SUPPLIED INFORMATION:
__________

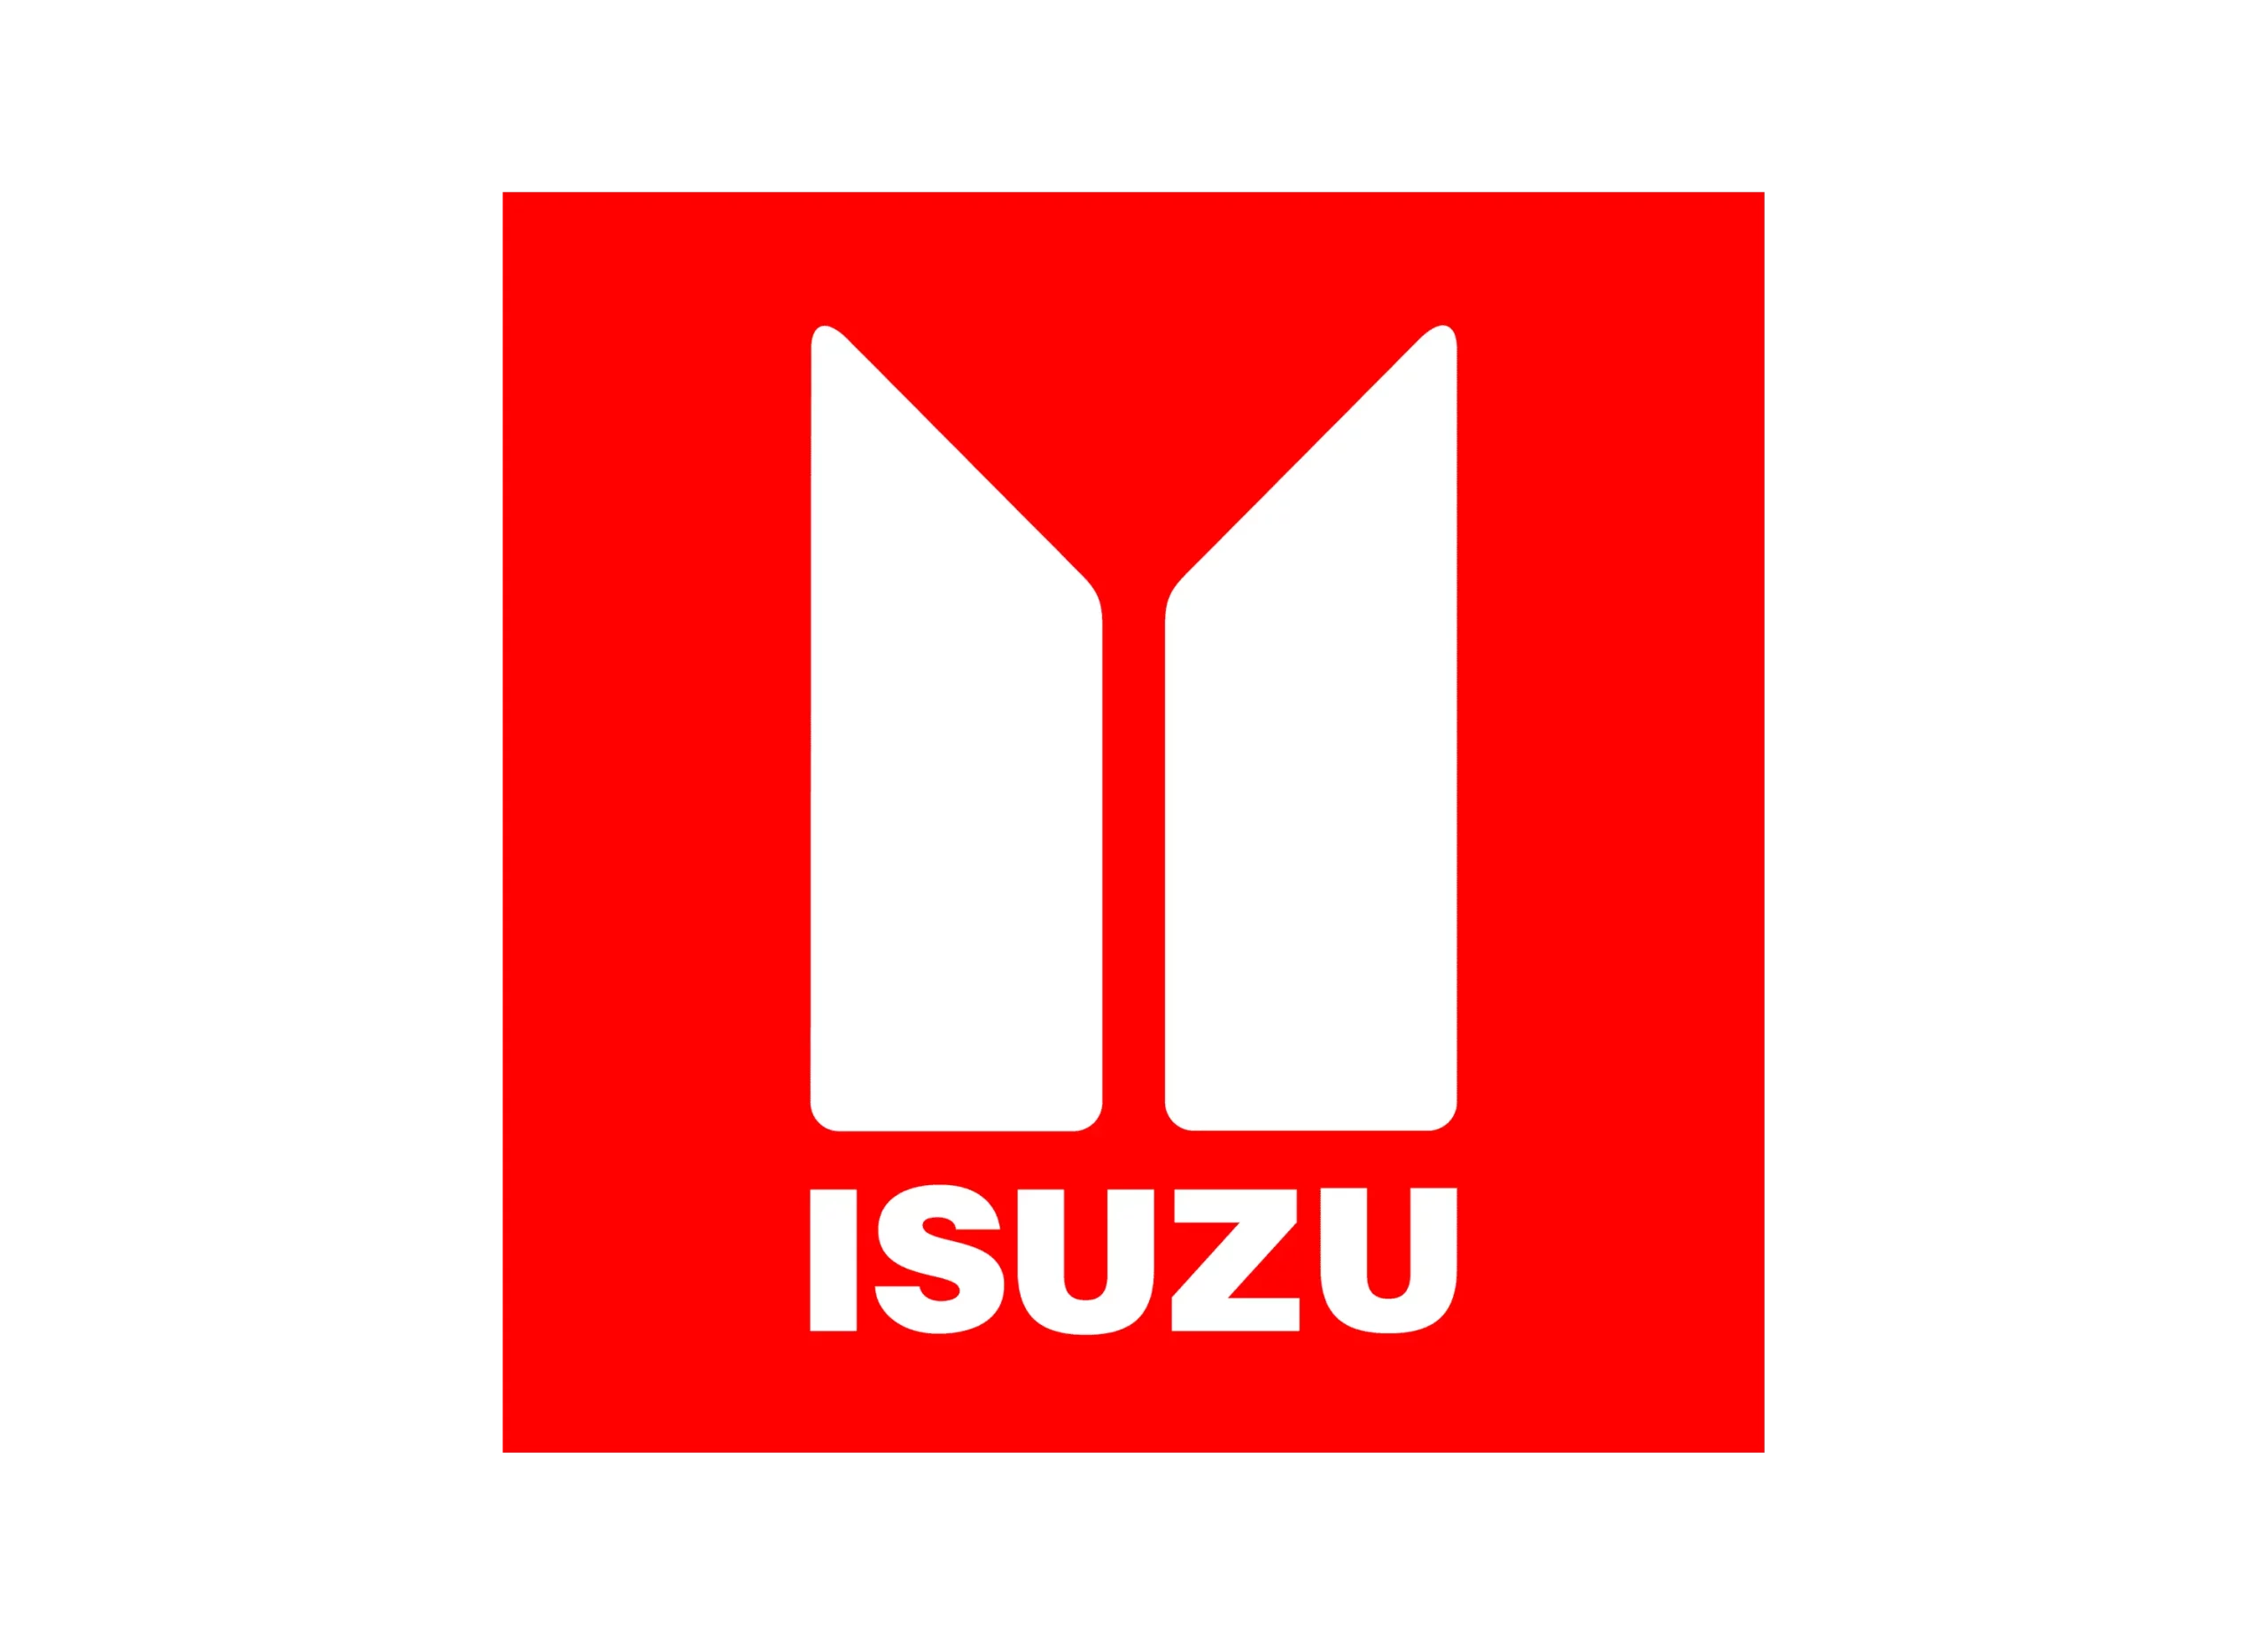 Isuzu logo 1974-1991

__________

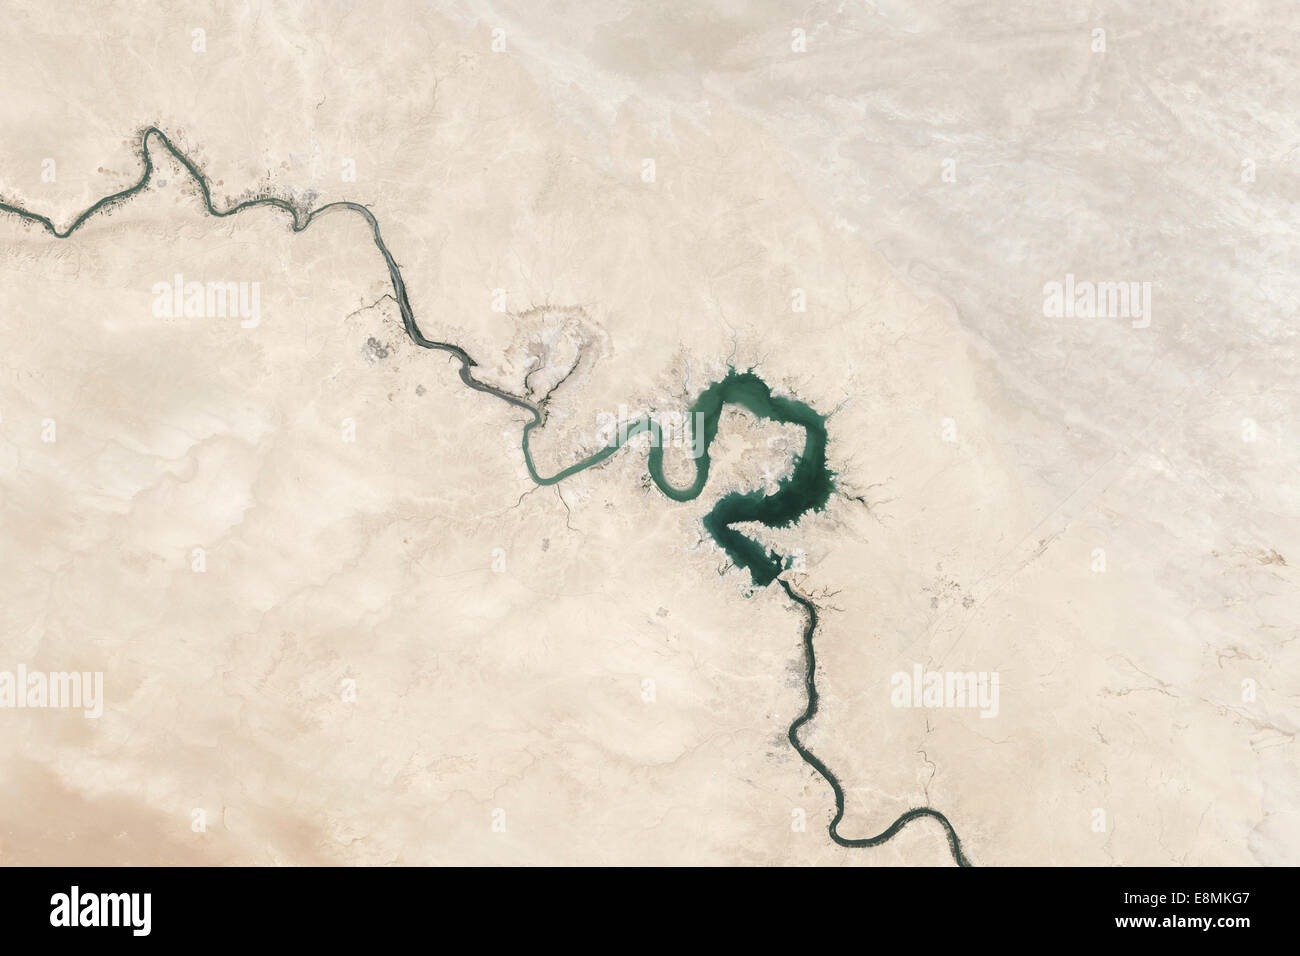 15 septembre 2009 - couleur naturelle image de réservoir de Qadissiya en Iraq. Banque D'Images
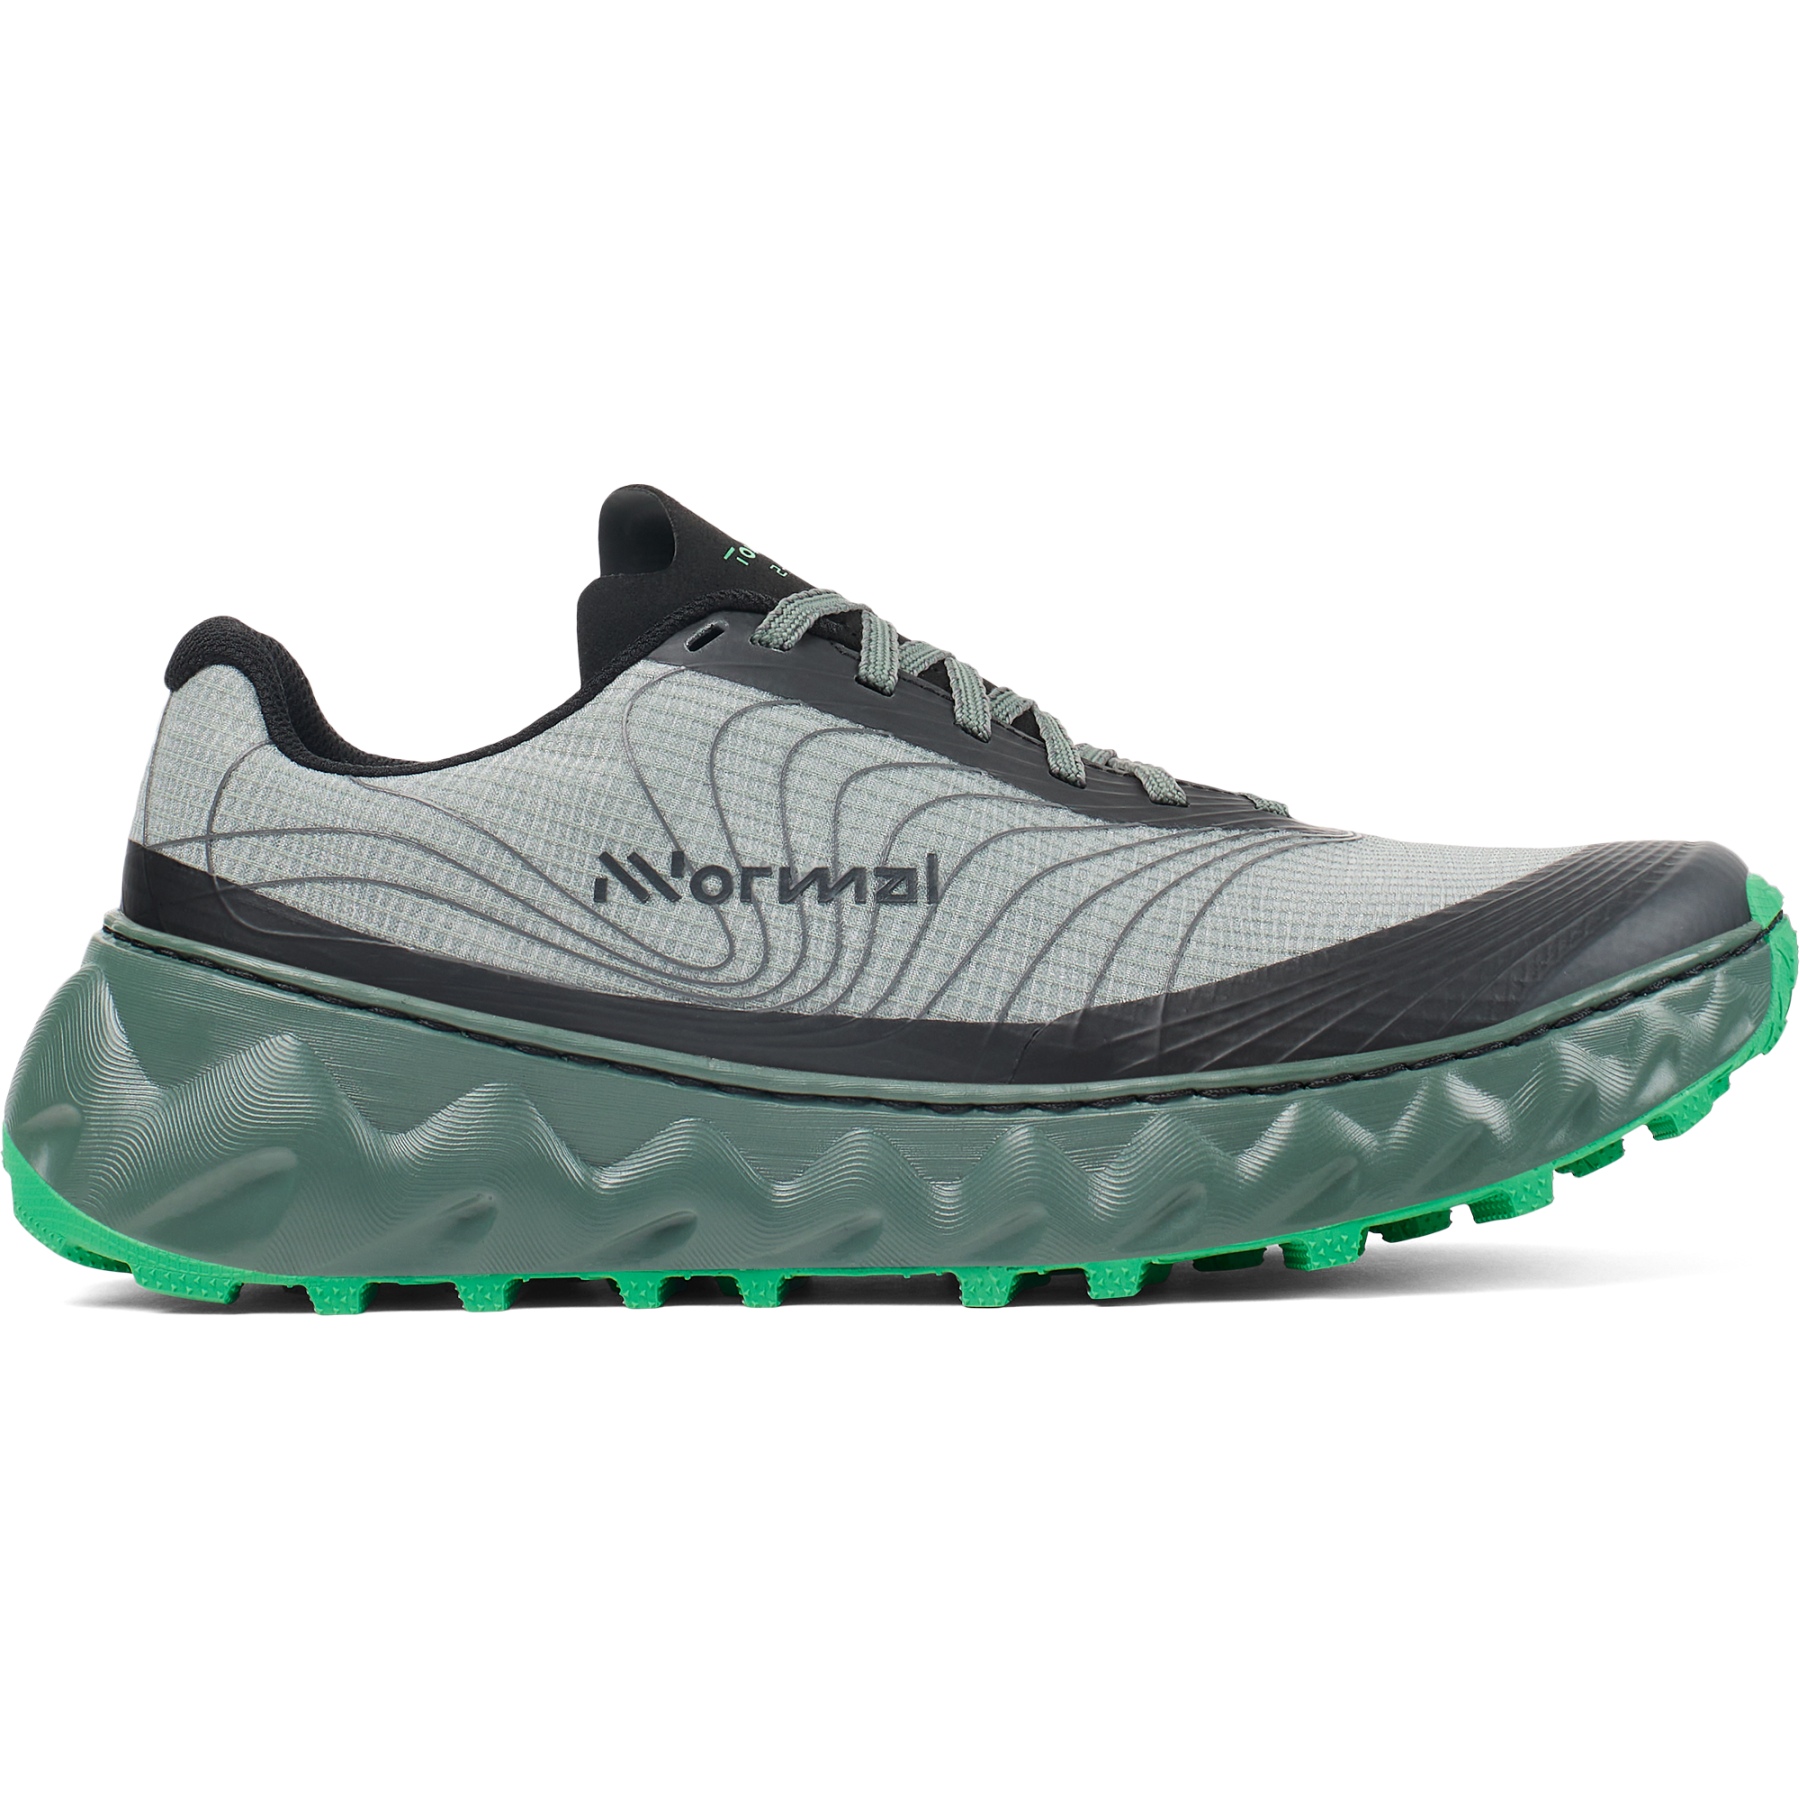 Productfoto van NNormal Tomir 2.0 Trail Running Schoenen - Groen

__________

DESCRIPTION OF THE TASK: Everything above from the line that has "15 septembre 2009" down to the line that has "Productfoto van NNormal" should be output exactly, with both of those lines included. Leave the pictures behind.

EXERCISE OUTPUT:
 15 septembre 2009 - couleur naturelle image de réservoir de Qadissiya en Iraq. Banque D'Images
 Productfoto van NNormal Tomir 2.0 Trail Running Schoenen - Groen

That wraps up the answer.